Work instructions: Write every line below out again exactly, images omitted.

Information provided:

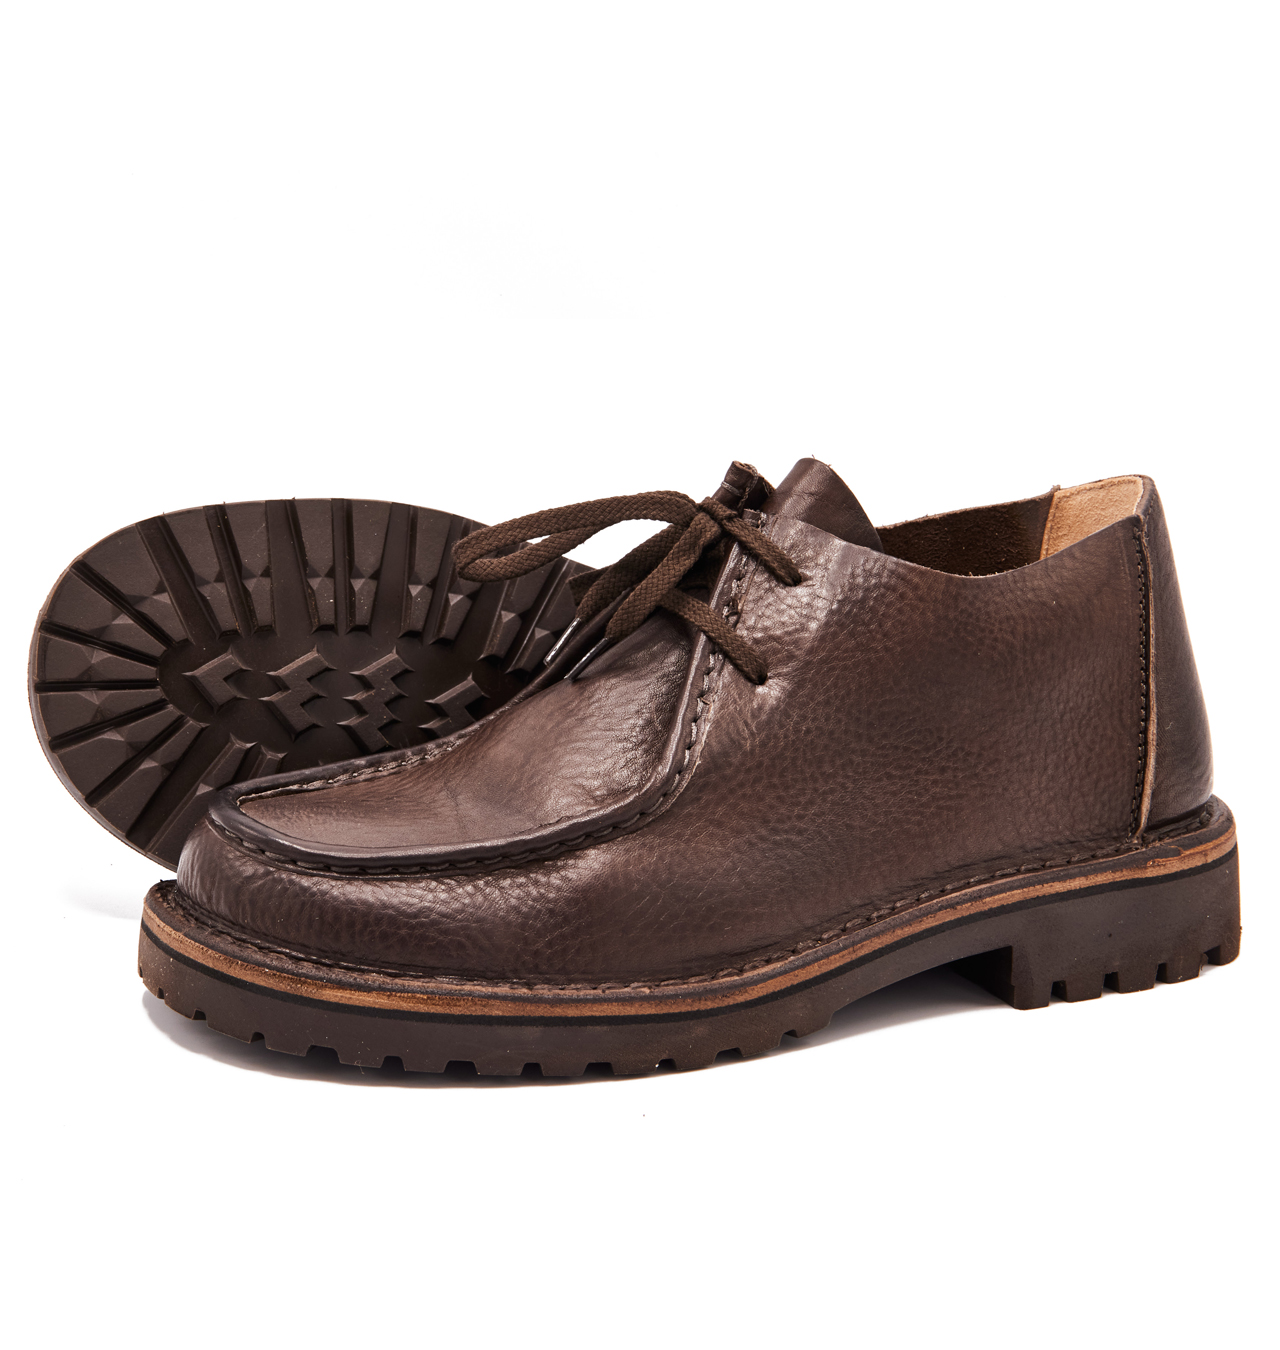 Astorflex - Beenflex Leather Moccasin Shoe - Coffee
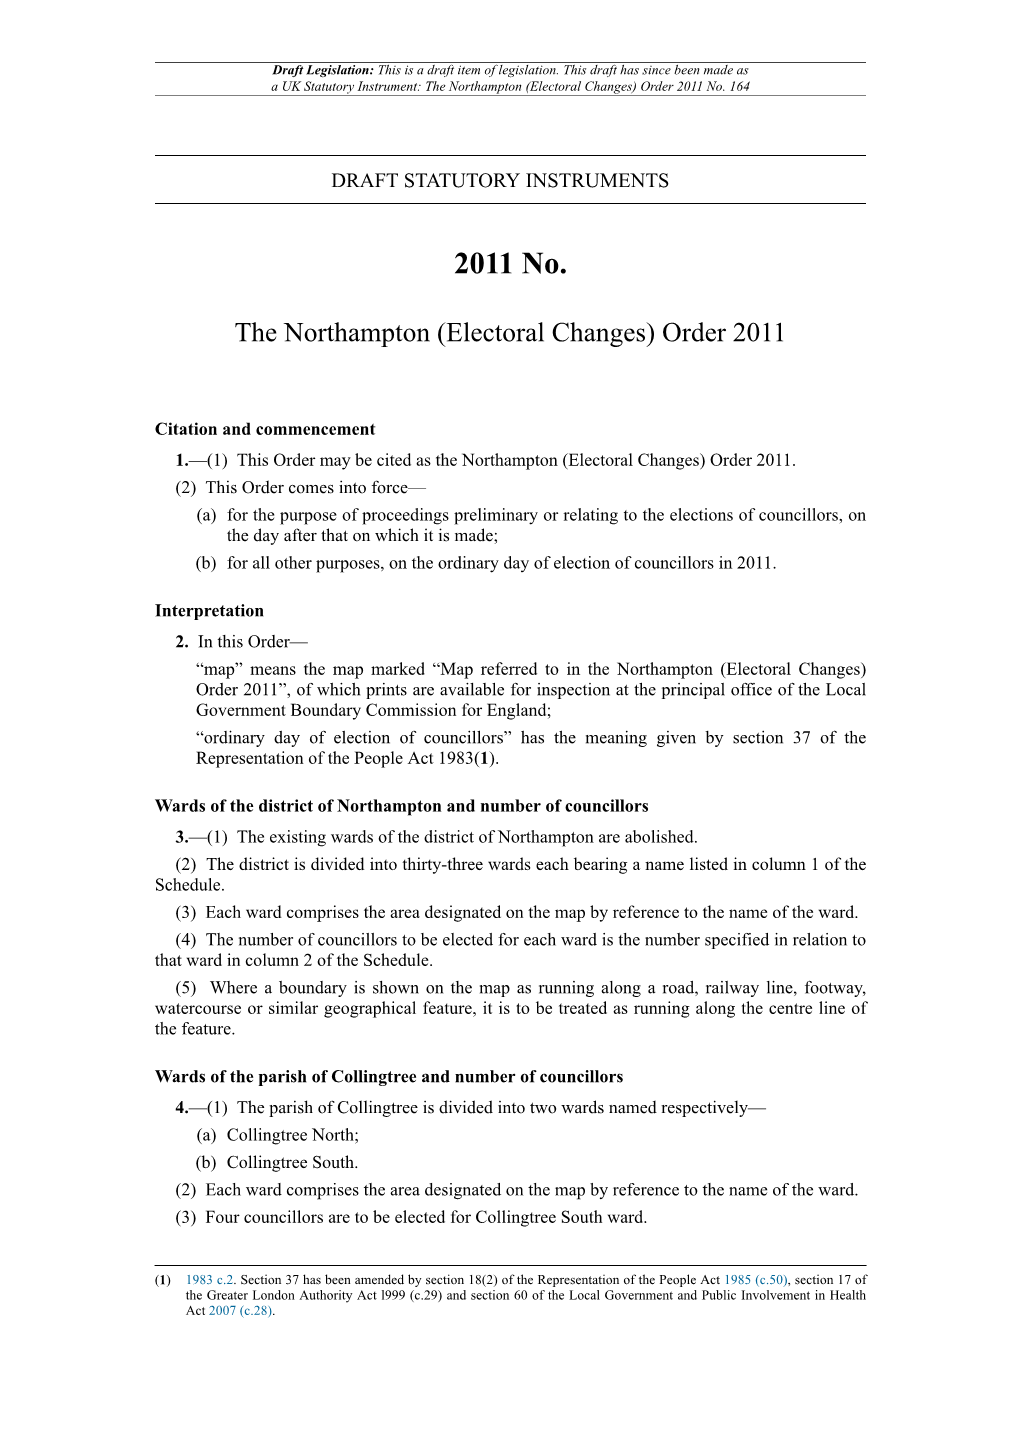 The Northampton (Electoral Changes) Order 2011 No
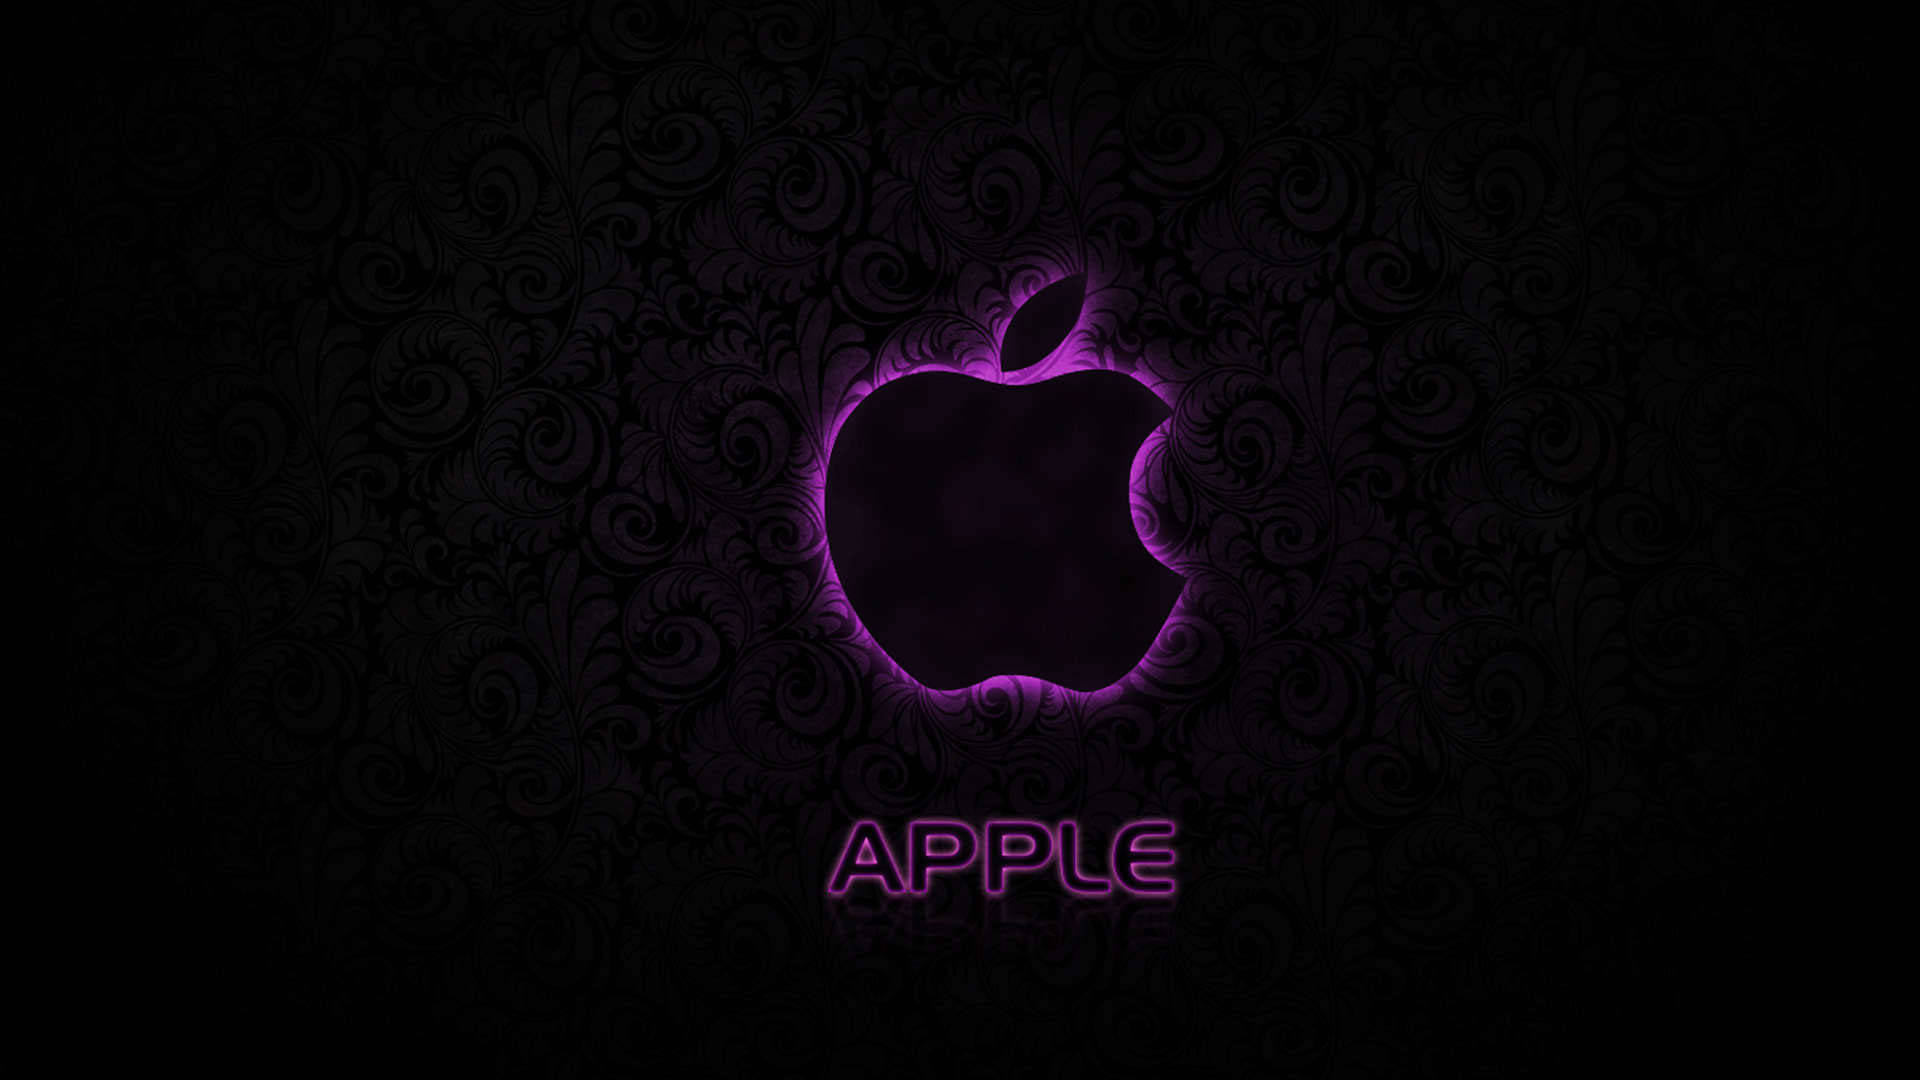 Textured Black And Purple Aesthetic Apple Wallpaper
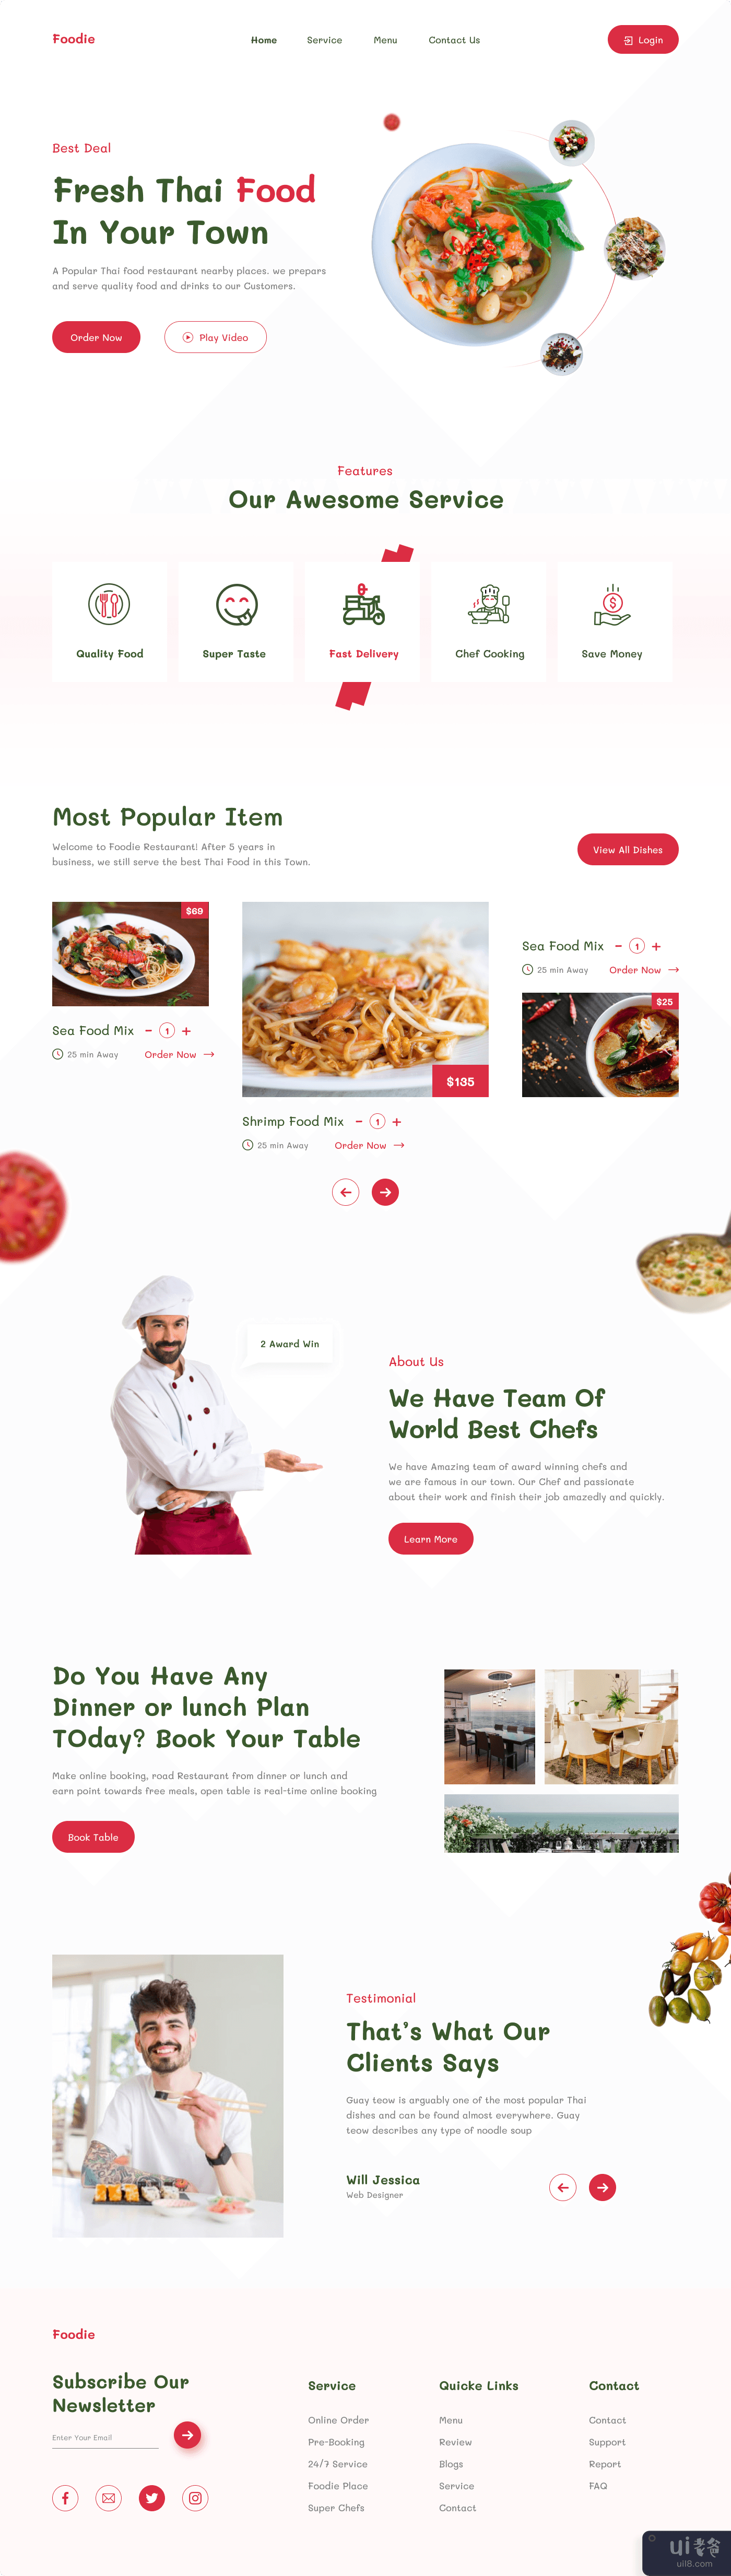 餐厅登陆页面设计(Restaurant Landing Page Design)插图

Task response:
 Astorflex - Beenflex Leather Moccasin Shoe - Coffee
 The Northampton (Electoral Changes) Order 2011 No
 Textured Black And Purple Aesthetic Apple Wallpaper
 餐厅登陆页面设计(Restaurant Landing Page Design)插图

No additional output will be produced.